Two films from Central Asia occupy a special place in the Competition programme. Memory loss is also an issue in the portrait of Kirghiz society THIS IS WHAT I REMEMBER (Esimde, Kirghizstan, Japan, The Netherlands, France, 2022) from veteran filmmaker Aktan Arym Kubat. Zarlyk, a man once considered missing, returns to Kirghizstan after 20 years of labouring as a “guest worker” in Russia. Suffering from amnesia, Zarlyk is unable to relate to his family. Stoic and silent, he does the only thing that has remained in his recollection: liberating the village streets from rubbish. The trauma from guest work, the opposing forces in a post-Soviet village community and a family’s attempt to reunite in spite of multiple ruptures are all depicted with a steady hand. With his revenge-Western GOLIATH (Kazakhstan, 2022), director and regular goEast guest Adilkhan Yerzhanov takes us back again to Karatas: the village in the middle of nowhere in Kazakhstan where many of Yerzhanov’s stories have previously been set. Here unscrupulous gangster boss Poshaev calls the shots. Yerzhanov’s retelling of the “David versus Goliath” trope unfolds deliberately with an eye to the universal.
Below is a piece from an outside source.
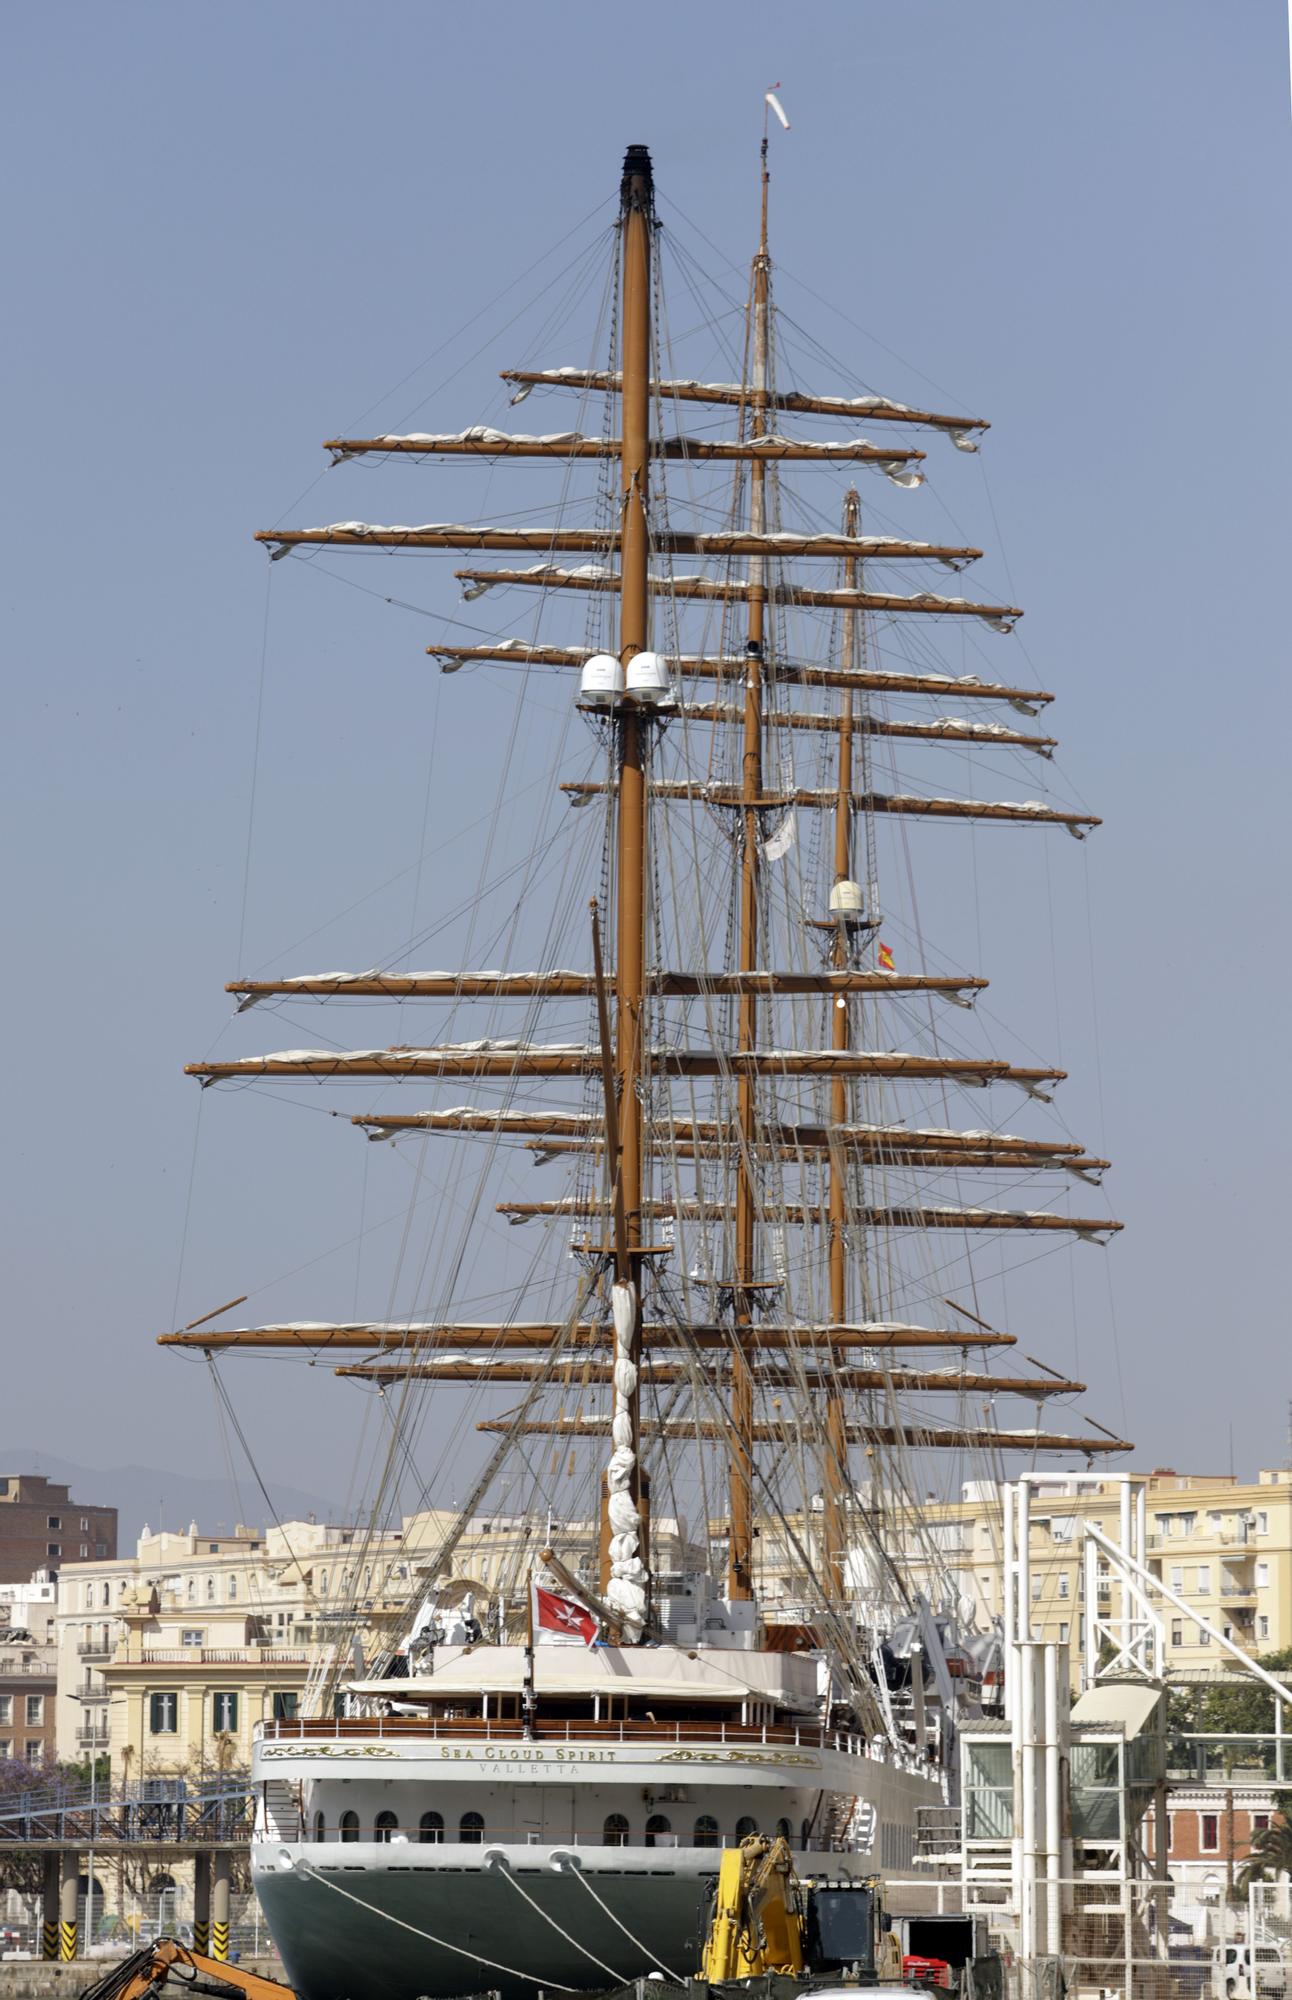 El lujoso 'Sea Cloud Spirit' atraca en el Palmeral del Puerto de Málaga

Genre film is also present beyond the work of Adilkhan Yerzhanov. First, there is the Ukrainian film noir outing LA PALISIADA (Ukraine, 2023) by Philip Sotnychenko, which tells the tale of Aisel and Kiril, two kids growing up in the mid-’90s within highly patriarchal structures. Their fathers, both police officers, are investigating a murder. Alas, in their haste to present a perpetrator to the public, the detectives subvert the law. Then there’s Nenad Pavlović’s conspiracy thriller TRAIL OF THE BEAST (Trag divljači, Serbia, 2022), set in Belgrade in 1979. Here, the budding journalist Jugoslav Bucilo begins to research the case of the former student leader Aljoša Josić, who is considered a missing person. His efforts end up entangling him in a murder case, in which both Aljoša himself and his father Blagoje – a senior intelligence agency official, played by cult actor Miki Manojlović – appear to be involved. In the scope of this year’s archive presentation, we will also be showing a film by Nenad Pavlović’s father Živojin, FAREWELL UNTIL THE NEXT WAR (Nasvidenje v naslednji vojni, Yugoslavia, 1980). TRAIL OF THE BEAST can also be read as an homage to the work of the father.
With JANUARY (Janvāris, Latvia, Lithuania, Poland, 2022), director Viesturs Kairišs takes the audience back to the Baltic region in the year 1991, as Soviet special forces units are tasked with trying to repress the movement for Baltic independence. POLISH PRAYERS (Switzerland, Poland, 2022), director Hanka Nobis’ documentary film debut, is a paradoxical portrait. For four years, she accompanies Antek, a young man deeply embedded in a highly religious and conservative family in today’s Poland whose life is shaped by Catholicism, nationalism and a patriarchal conception of masculinity.
The film not only provides insight into the inner turmoil of a young individual – it also reveals a deep rift at the heart of Polish society. The powerful montage film MANIFESTO (Russia, 2022), directed by Angie Vinchito (a pseudonym, employed to protect the identity of the Russian filmmaker), shows the violence that characterises the school system and everyday life in Russia, as seen from the perspective of school children and adolescents.